Он, кстати, и про радугу на воде говорит, что это солярка.
Но я все же вернулась в свою комнату, взяла со стола первый том «Анны Карениной» и раскрыла на титуле. Никакого автографа там не оказалось. Но обломки зубочистки в пепельнице, но длинная седая волосина, выпавшая из книги прямо мне на ладонь... ни у меня, ни у него таких нигде не растет. Я, конечно, принесла ему зубочистку и волосину, но он сделал брезгливую морду и сказал, чтобы я выкинула «эту парашу» в унитаз.
— Пошел тогда опять на хер. — сказала я.
— Сама пошла на хер, — сказал он. И добавил еще кое-что.
И я добавила кое-что от себя.
Тут он добавил нового, но я отбилась и сделала очень классную подачу. Такие мячи не берутся. 1:0 в мою пользу.
Но, несмотря на победу, мне было противно. И как-то неспокойно. Вот тогда я и отправилась к дельфинам, а вернувшись, стала писать Анну Каренину. Она получилась с моим лицом.
Но он даже не заметил, что она так похожа на меня.
Он зашел и сказал, что я достала его своими закидонами прямо-таки насмерть, и что я давным-давно уже спятила, и он, чтобы не спятить тоже, идет туда, куда я его отправила.
Но это, конечно, вранье; ведь его мама живет не на херу. Она обитает совершенно в другом месте, в городишке за 200 км, электричка — два раза в день.
Он приедет к маме, она возьмет его на ручки и в сотый раз скажет, что я — бяка и блядь, которая не годится ему и в подметки, а не то что в жены, и он, убаюканный, распустит сопли и окончательно ей поверит. И в итоге на хер отправлюсь я.

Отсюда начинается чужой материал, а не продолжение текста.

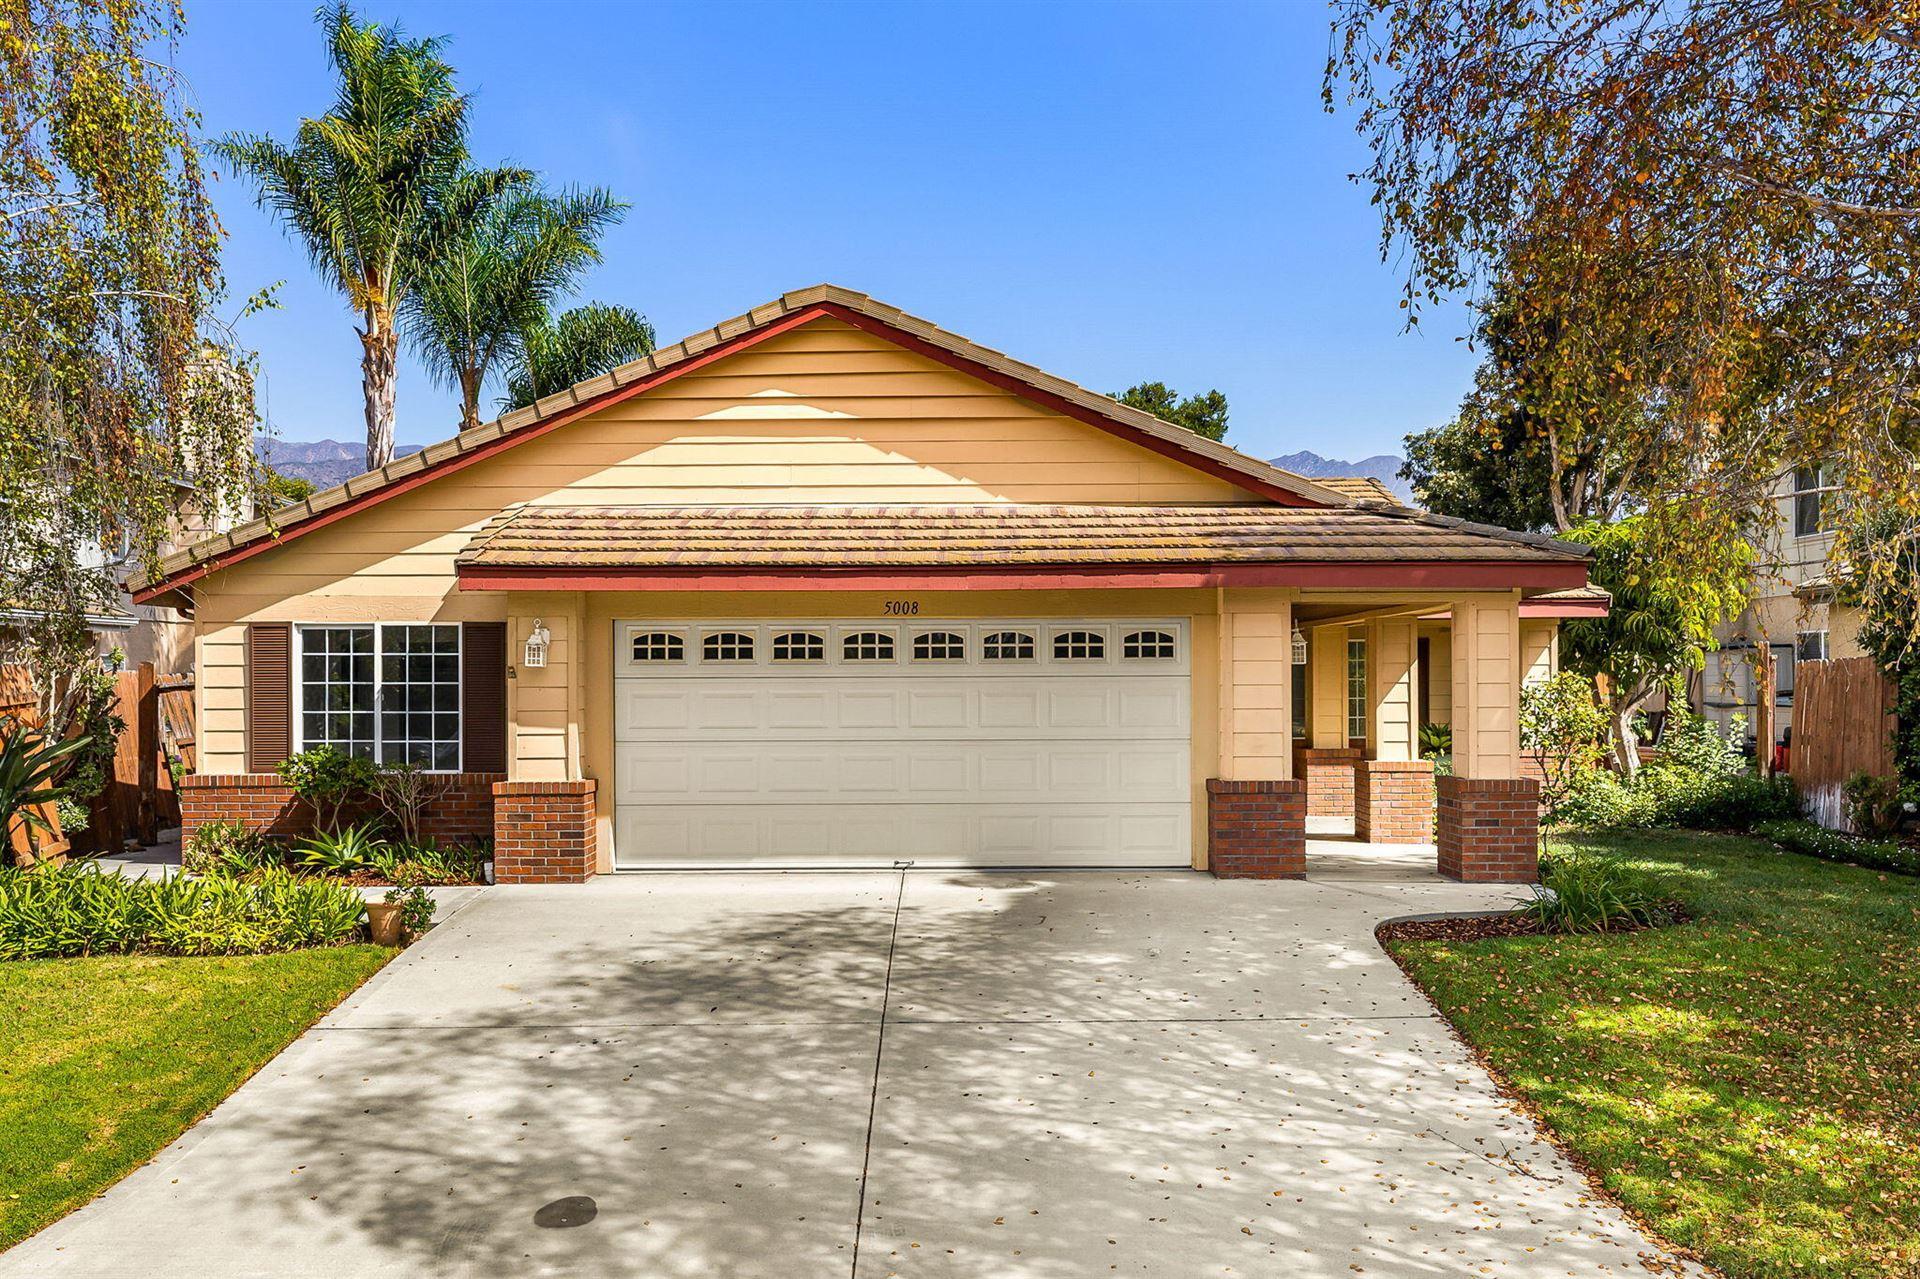 5008 Pacific Village Dr, Carpinteria, CA 93013 - MLS#: 21-3453

Конечно, мы с ним абсолютно разные люди.
Он — мужчина, а я — женщина.
До мамочкиной электрички двадцать минут.
Двадцать минут, а я в одних трусах.
Жарко.
Я срываюсь с места и сбиваю непросохшую Анну. Она скользит по полу и падает, слава Богу, навзничь, и смотрит на меня мокрыми глазами снизу вверх.
— Уй, сорри, — бормочу я и перепрыгиваю через нее на подлете к шкафу.
Некогда мне. Мне сильно некогда.
Я хватаю первое попавшееся и напяливаю, кажется, задом наперед. Точно, задом наперед. Переодеваться нет времени. Мое единственное вечернее платье из зеленого панбархата оказывается с декольтированной спиной. Замечаю, что так даже интереснее.
Я бегу вниз по лестнице, теряя тапочки: один остается на четвертом этаже, другой падает в пролет где-то между третьим и вторым.
Мне некогда.
Дырдырдыр лучше, чем балабалабалабала.
Я скажу ему, что перечитала Толстого и он мне страшно понравился.
Я бегу всю дорогу, и платье изумрудного панбархата трагично сбивается с левого плеча. На меня оглядываются.
С высоты виадука я вижу, что на перроне уже почти совсем пусто. Электричка — та, что к маме — шипит, набирая полную грудь воздуха.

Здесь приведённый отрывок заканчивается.